WHAT TO PRODUCE: When you have gone through the records, report how many lines include "bleu", giving the number and nothing more.

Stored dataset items

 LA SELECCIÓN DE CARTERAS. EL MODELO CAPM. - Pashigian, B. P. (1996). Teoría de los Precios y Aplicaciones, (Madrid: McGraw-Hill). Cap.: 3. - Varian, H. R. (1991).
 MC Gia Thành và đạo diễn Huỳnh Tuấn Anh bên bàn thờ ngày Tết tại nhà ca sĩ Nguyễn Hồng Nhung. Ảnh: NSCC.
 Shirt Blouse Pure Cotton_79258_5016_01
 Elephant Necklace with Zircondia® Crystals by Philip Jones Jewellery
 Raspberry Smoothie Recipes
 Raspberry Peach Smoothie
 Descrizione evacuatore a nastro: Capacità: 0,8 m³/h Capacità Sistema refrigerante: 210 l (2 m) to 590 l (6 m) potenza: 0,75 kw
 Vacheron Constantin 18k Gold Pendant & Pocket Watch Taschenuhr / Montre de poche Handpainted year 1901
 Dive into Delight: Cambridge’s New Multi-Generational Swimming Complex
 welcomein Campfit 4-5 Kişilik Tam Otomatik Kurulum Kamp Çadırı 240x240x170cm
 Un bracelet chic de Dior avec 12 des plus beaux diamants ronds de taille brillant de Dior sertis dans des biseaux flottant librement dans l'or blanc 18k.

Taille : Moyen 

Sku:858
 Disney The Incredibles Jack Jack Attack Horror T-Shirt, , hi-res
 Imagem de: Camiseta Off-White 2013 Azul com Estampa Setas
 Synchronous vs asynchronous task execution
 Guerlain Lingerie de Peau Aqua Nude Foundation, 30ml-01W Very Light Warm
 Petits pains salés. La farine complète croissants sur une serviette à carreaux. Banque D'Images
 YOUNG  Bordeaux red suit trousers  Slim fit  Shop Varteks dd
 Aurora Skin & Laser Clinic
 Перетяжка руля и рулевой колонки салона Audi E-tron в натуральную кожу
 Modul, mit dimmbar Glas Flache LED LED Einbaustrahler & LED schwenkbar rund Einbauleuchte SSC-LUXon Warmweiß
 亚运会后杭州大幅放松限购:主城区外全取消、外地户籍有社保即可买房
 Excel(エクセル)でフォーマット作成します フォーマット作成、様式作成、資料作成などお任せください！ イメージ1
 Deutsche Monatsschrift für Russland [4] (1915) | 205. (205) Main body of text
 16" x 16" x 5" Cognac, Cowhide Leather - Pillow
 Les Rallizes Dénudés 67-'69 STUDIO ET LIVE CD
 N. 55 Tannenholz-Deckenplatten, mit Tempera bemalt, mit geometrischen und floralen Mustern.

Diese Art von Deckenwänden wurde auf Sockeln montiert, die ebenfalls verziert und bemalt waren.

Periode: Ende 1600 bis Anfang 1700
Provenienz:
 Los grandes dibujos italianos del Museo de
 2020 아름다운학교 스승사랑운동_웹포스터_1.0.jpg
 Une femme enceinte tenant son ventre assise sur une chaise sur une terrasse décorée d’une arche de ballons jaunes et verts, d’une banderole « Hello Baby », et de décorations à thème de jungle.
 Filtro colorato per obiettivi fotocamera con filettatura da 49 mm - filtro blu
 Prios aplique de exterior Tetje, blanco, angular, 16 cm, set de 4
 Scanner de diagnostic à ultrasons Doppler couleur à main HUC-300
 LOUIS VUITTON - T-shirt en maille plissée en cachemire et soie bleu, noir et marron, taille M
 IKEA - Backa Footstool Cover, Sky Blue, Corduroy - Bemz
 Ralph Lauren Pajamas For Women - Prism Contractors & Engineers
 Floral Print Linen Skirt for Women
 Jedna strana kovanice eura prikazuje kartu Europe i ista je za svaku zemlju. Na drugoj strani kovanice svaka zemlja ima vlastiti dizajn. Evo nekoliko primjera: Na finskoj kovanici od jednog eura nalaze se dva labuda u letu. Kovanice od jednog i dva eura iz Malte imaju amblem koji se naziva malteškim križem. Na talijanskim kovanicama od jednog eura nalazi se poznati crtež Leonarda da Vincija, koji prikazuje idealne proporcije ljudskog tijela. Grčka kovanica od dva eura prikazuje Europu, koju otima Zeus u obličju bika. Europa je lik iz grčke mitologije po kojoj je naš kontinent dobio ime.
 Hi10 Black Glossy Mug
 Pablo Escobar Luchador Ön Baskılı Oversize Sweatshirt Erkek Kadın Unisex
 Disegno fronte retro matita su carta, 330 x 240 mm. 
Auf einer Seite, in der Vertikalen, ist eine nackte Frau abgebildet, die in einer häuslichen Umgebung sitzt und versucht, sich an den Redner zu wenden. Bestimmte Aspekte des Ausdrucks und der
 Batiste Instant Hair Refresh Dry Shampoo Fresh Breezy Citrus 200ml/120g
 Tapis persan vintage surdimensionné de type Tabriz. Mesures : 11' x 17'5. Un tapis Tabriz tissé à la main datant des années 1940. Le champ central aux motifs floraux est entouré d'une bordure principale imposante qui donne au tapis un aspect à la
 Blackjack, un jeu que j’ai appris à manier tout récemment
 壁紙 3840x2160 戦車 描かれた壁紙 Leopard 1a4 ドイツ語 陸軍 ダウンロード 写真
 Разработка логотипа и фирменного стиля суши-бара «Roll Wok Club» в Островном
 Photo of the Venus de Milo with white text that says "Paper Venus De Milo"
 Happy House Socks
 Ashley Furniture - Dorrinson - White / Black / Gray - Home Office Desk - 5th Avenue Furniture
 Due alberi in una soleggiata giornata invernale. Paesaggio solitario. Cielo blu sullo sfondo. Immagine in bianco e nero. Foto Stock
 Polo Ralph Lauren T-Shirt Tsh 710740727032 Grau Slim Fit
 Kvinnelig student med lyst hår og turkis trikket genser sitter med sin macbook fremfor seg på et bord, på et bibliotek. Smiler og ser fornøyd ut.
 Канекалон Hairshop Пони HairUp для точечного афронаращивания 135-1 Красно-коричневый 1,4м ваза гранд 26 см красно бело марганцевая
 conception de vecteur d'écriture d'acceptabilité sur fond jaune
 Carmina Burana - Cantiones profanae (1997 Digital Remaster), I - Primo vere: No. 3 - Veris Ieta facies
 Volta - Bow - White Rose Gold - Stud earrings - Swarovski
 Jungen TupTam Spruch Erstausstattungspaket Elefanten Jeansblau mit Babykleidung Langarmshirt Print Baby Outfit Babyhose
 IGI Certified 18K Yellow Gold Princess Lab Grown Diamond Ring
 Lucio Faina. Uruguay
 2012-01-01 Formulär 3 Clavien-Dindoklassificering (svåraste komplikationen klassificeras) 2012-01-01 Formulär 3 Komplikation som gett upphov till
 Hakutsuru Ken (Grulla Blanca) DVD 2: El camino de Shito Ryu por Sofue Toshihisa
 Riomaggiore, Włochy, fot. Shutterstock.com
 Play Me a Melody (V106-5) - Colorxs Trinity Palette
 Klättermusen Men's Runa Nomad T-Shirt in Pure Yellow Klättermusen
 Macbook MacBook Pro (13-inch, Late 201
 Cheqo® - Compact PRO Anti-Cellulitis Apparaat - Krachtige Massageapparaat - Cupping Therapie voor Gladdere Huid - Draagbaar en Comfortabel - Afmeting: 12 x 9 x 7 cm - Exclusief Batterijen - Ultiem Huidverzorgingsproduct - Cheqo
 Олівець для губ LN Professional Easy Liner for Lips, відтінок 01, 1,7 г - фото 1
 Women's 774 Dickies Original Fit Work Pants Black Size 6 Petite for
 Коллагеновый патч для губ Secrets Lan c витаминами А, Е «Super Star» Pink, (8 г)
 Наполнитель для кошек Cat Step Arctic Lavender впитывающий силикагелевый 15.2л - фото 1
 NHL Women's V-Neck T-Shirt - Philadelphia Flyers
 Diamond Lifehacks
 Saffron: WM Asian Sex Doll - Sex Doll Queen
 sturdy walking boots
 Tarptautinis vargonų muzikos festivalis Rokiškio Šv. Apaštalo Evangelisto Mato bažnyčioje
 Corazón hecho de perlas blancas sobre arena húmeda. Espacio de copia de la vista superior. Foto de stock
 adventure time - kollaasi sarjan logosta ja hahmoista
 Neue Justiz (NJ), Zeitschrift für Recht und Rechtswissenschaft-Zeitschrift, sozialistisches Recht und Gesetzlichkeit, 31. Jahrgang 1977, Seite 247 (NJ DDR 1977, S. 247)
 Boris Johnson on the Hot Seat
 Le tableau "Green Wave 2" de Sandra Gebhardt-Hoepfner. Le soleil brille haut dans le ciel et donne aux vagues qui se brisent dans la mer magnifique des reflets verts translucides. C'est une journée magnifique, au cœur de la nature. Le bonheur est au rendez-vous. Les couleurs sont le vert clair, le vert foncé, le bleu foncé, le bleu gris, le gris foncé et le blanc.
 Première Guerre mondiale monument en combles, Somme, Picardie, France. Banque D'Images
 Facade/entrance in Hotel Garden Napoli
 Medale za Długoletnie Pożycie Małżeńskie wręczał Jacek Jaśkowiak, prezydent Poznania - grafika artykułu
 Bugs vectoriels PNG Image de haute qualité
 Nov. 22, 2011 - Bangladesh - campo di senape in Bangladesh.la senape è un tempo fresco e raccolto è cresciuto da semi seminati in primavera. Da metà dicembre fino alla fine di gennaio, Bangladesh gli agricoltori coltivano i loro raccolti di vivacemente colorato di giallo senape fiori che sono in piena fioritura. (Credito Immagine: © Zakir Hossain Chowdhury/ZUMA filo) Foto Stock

EXERCISE RESPONSE: 2